COVİD-19 pandemisi sürerken;
1-      Özel hastanelerde çalışan hekimler ve sağlık çalışanları ‘iş yoksa para da yok’ denerek işten çıkarılmakta ya da ücretsiz izine ayrılmaya zorlanmaktadır. Ücretleri azaltılarak veya ödenmeyerek  piyasanın ve hastane patronlarının insafına terk edilmiş durumdadırlar.

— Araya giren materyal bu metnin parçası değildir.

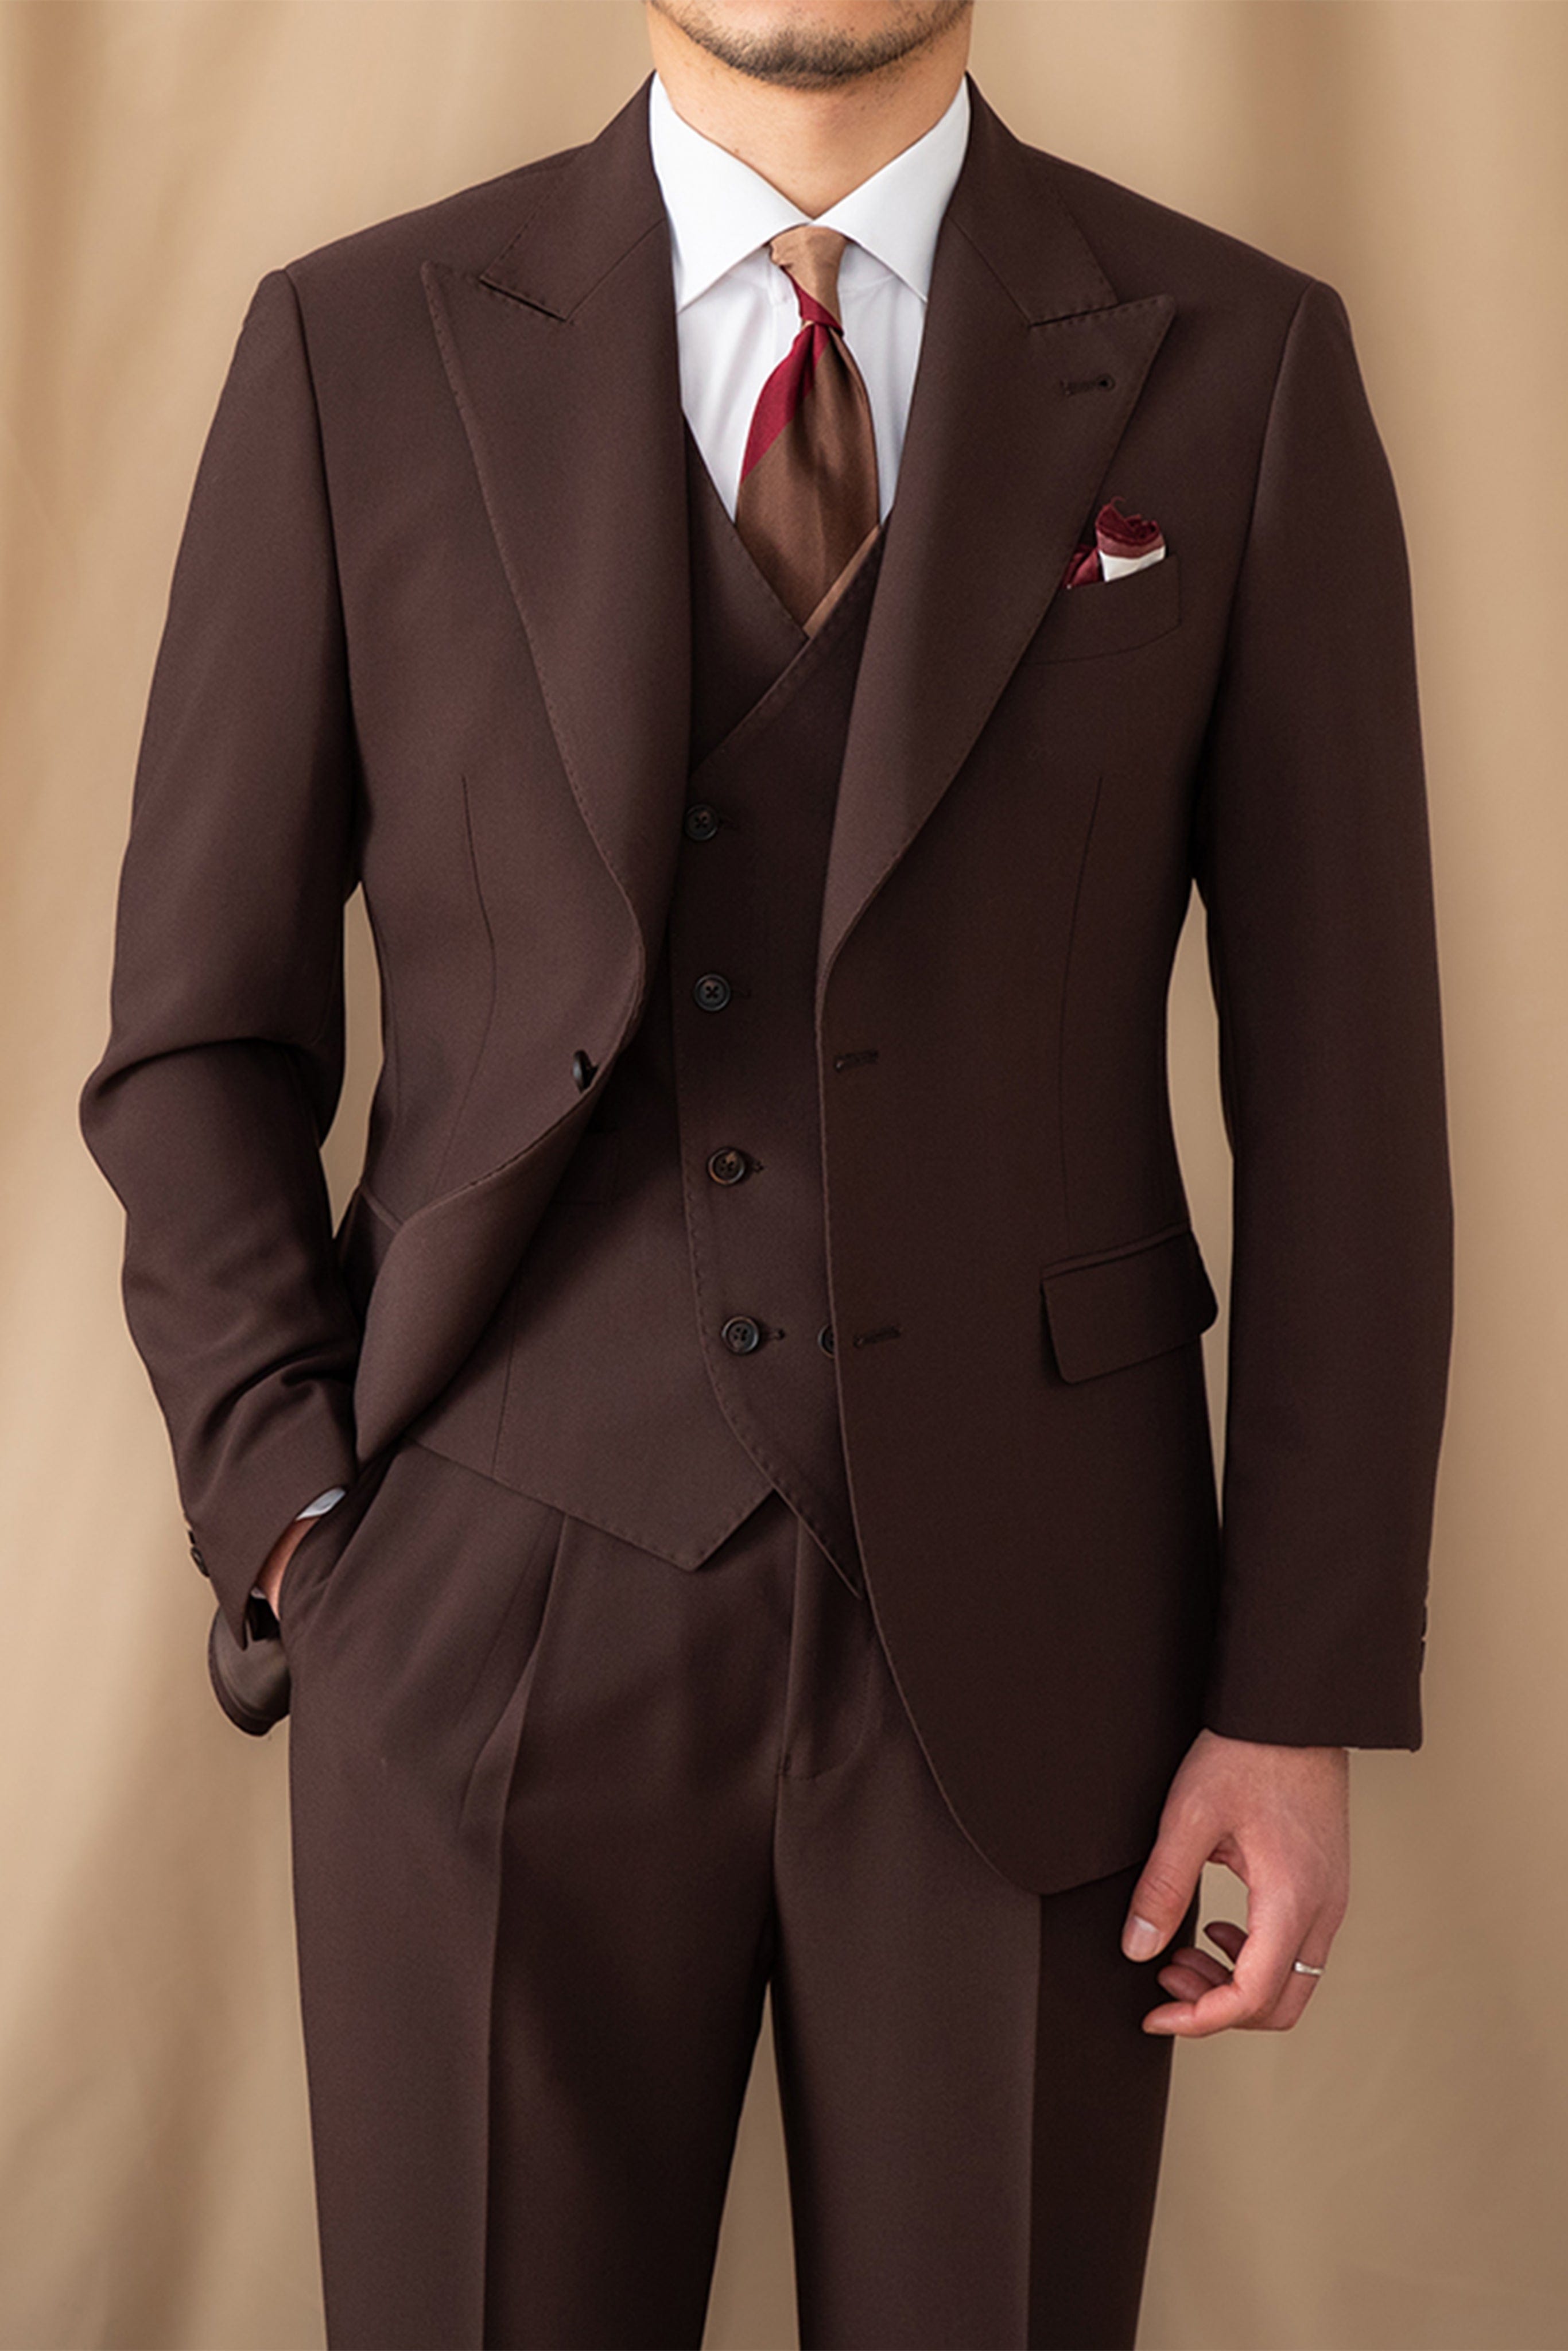 aesido Men's Suit 3 Piece Coffee Business Casual Peak Lapel Jacket (Blazer+Vest+Pants)
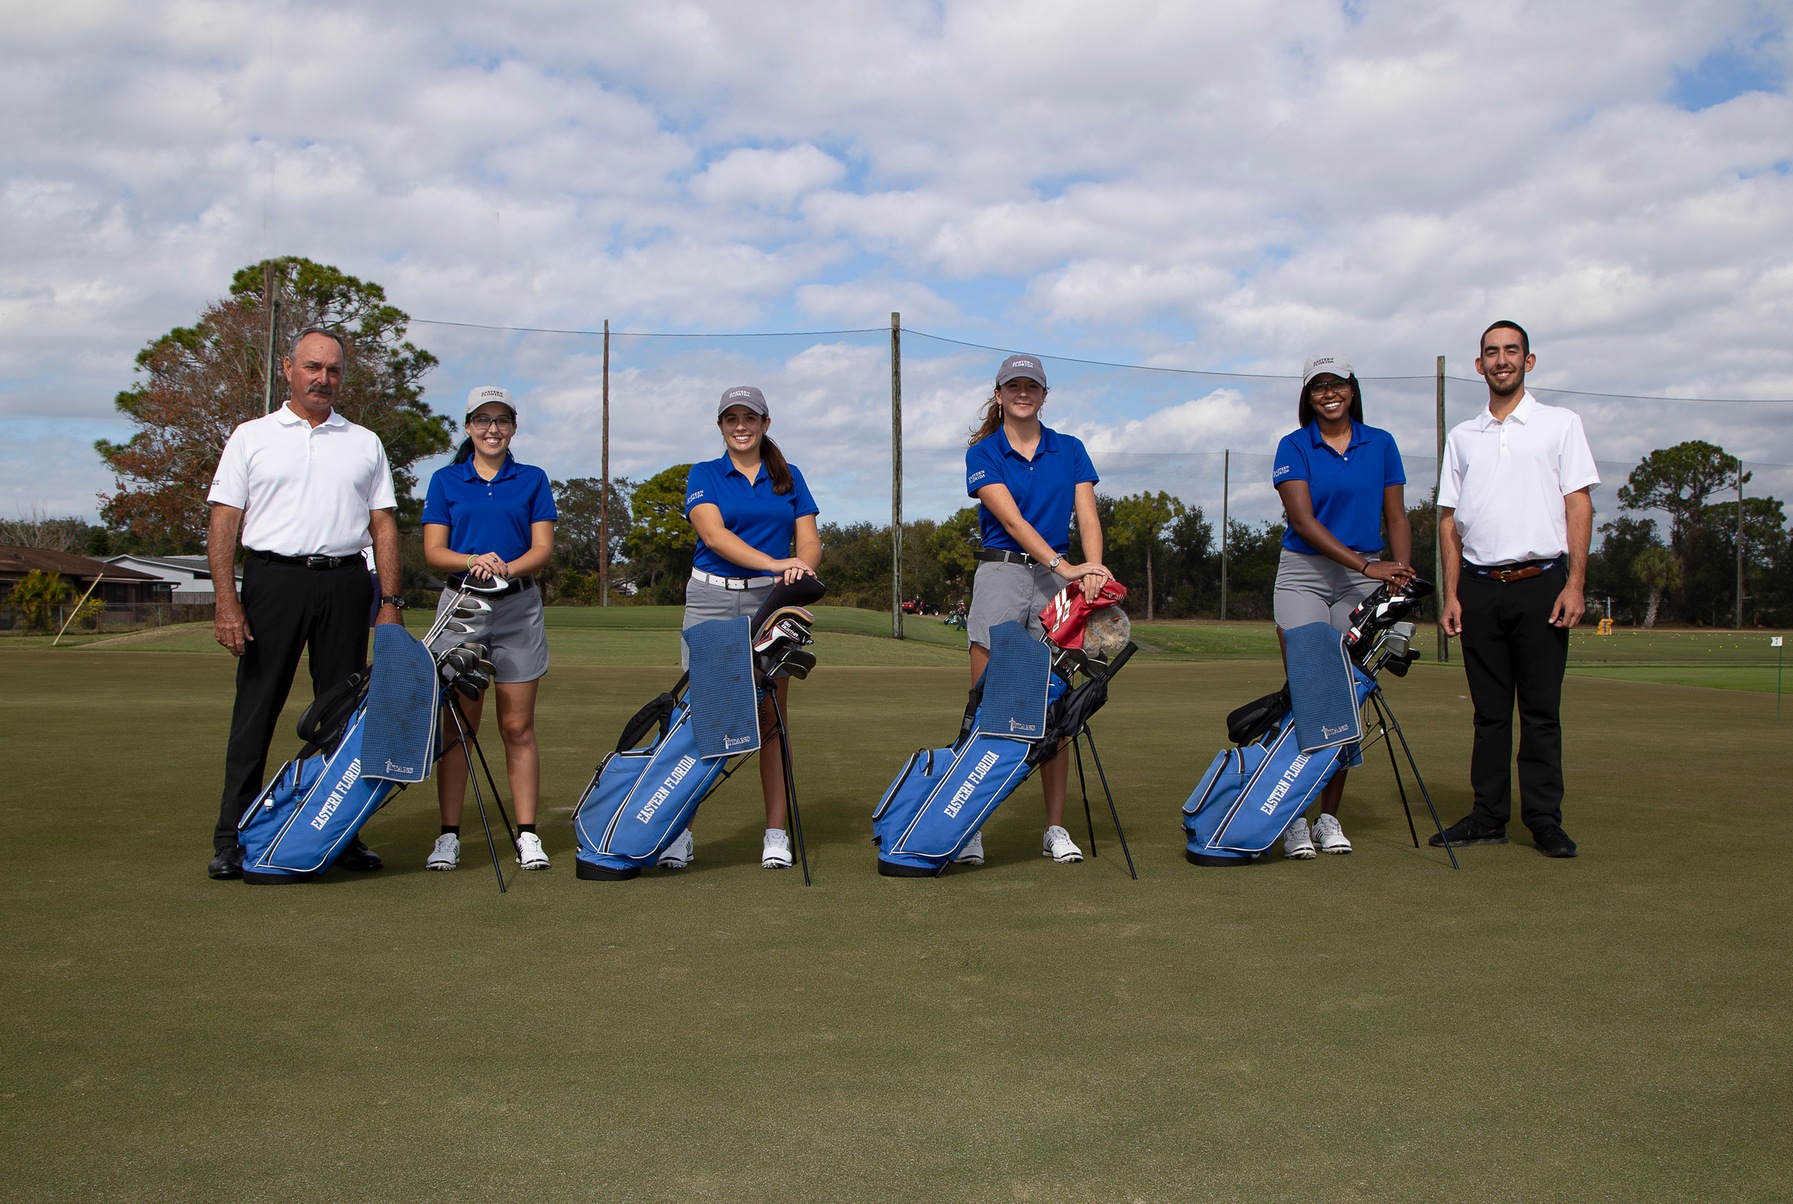 Women's golf team prepared to host Region 8 Tournament this weekend

2-      COVID-19 salgını nedeniyle birçok vatandaşımız kamu ve özel hastanelerde tedavi görmektedir. Özel hastanelerin de pandemi hastanesine dönüştürülmesine karşın, son günlerde özellikle bazı özel hastanelerin Sağlık Bakanının test ve hasta yatış sürecine ilişkin kamu ya da özel hiçbir sağlık kuruluşunun ücret talep edemeyeceğini ifade etmesine rağmen COVİT-19 tanısı alan yatan hastalar ile test yaptırmak isteyenlerden ücret talep ettiği bilgisi kamuoyunun gündemindedir.
3-      Özel sağlık kuruluşlarında sağlık çalışanları, kişisel koruyucu ekipman ve hijyen malzemesi verilmeyerek veya eksik verilerek, korunaksız bırakılmaktadırlar. Bu şekilde sağlık çalışanları hem kendileri için hem de hastalar için bulaş riskine neden olmaktadırlar.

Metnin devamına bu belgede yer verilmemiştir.